Our results showed that TFE3 overexpression restored autophagic activity of dopaminergic neurons in the MPTP model. Activation of autophagy in dopaminergic neurons often exerts a neuroprotective effect. Therefore, we evaluated whether TFE3 overexpression has a neuroprotective effect. For immunohistochemical analysis, mice were sacrificed 21 days after the last MPTP injection.

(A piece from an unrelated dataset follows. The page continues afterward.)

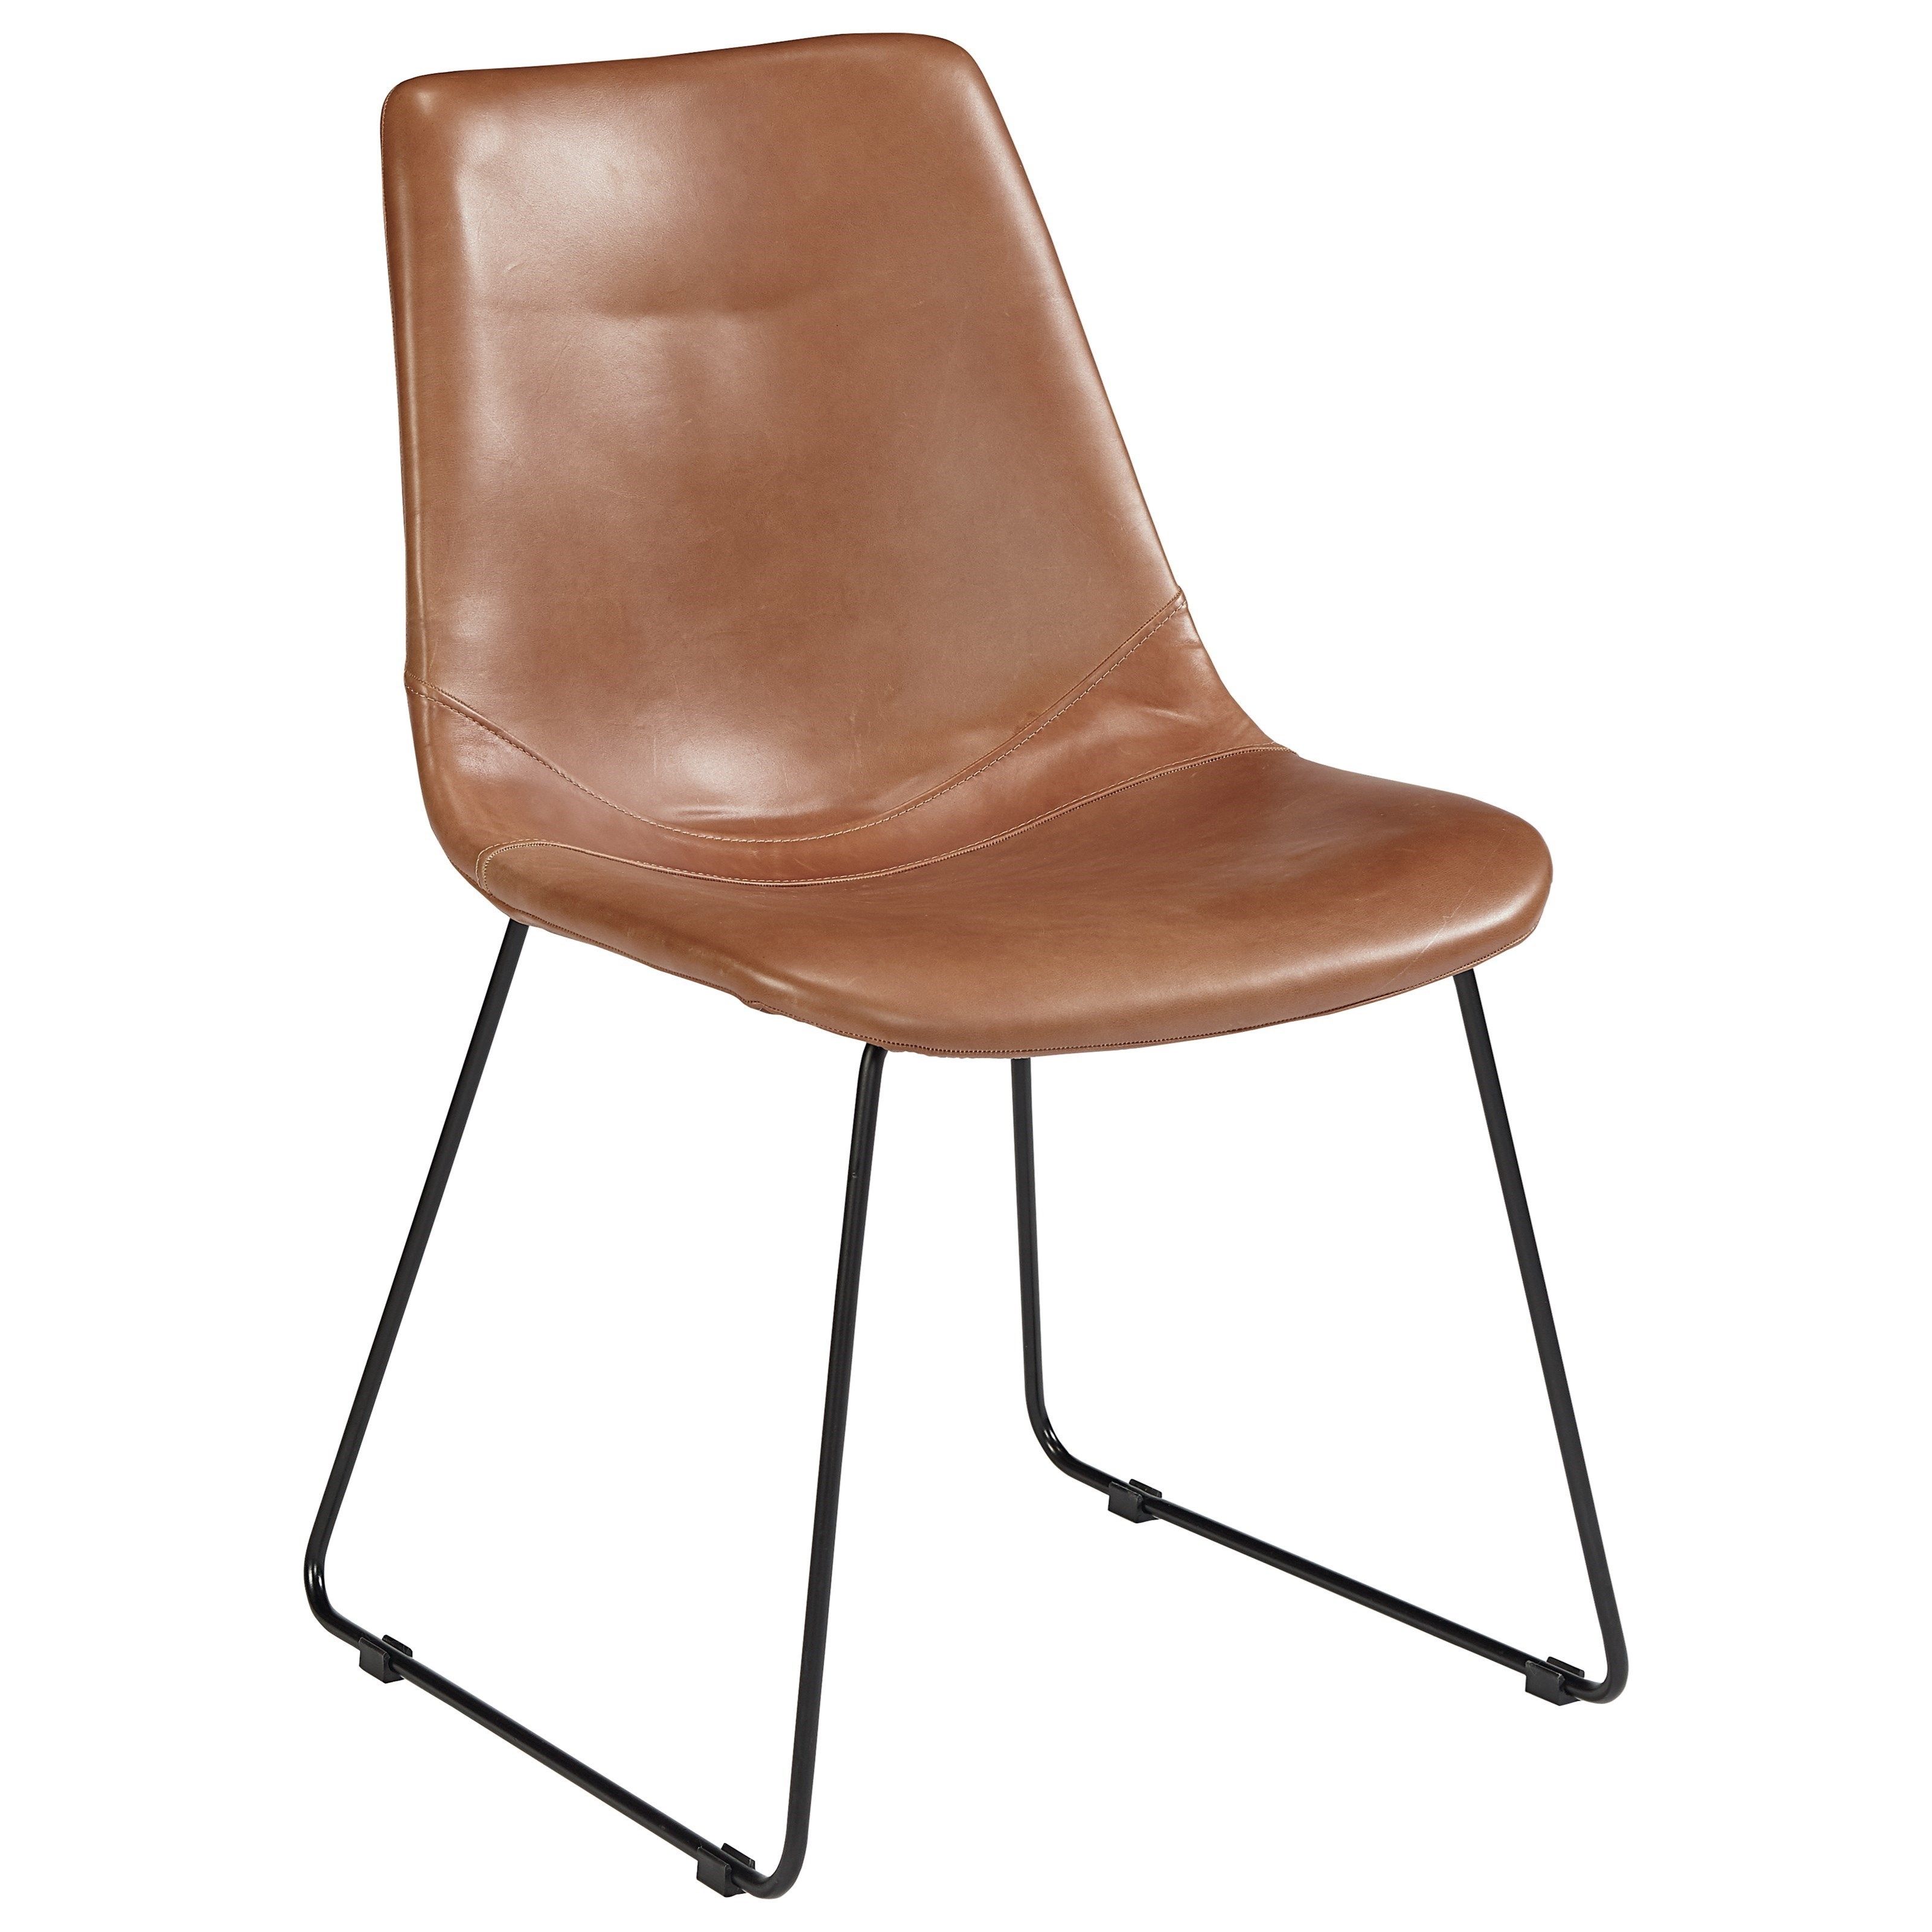 Current Magnolia Home Reed Arm Chairs Intended For Molded Shell Side Chair With Brown Pu Leather Like Fabric (View 5 of 20)

We systematically analyzed dopaminergic neuron numbers in the SN of mice after unilateral injection of AAV viruses. Unbiased stereological estimation revealed a 50.5% loss of TH-positive neurons induced by MPTP injection in the AAV-Flag group, while only 7.4% of the TH-positive neurons degenerated in the AAV-TFE3 group (Figures 6A,C). Nissl staining revealed similar trends and statistical results (47.8 and 7.1% loss in the AAV-Flag and AAV-TFE3 groups, respectively; Figures 6B,D), suggesting an actual dopaminergic neuronal loss rather than a loss of TH expression. The loss of dopaminergic neurons in the SN was accompanied by fewer TH-positive terminals in the striatum. Next, we quantified TH-positive terminals in the striatum using densitometry. In parallel with the results in the SN, TFE3 overexpression mitigated MPTP-induced loss of TH-positive fibers in the striatum (Figures 6E,F). These findings demonstrate that TFE3 overexpression prevents MPTP-induced dopaminergic neurodegeneration.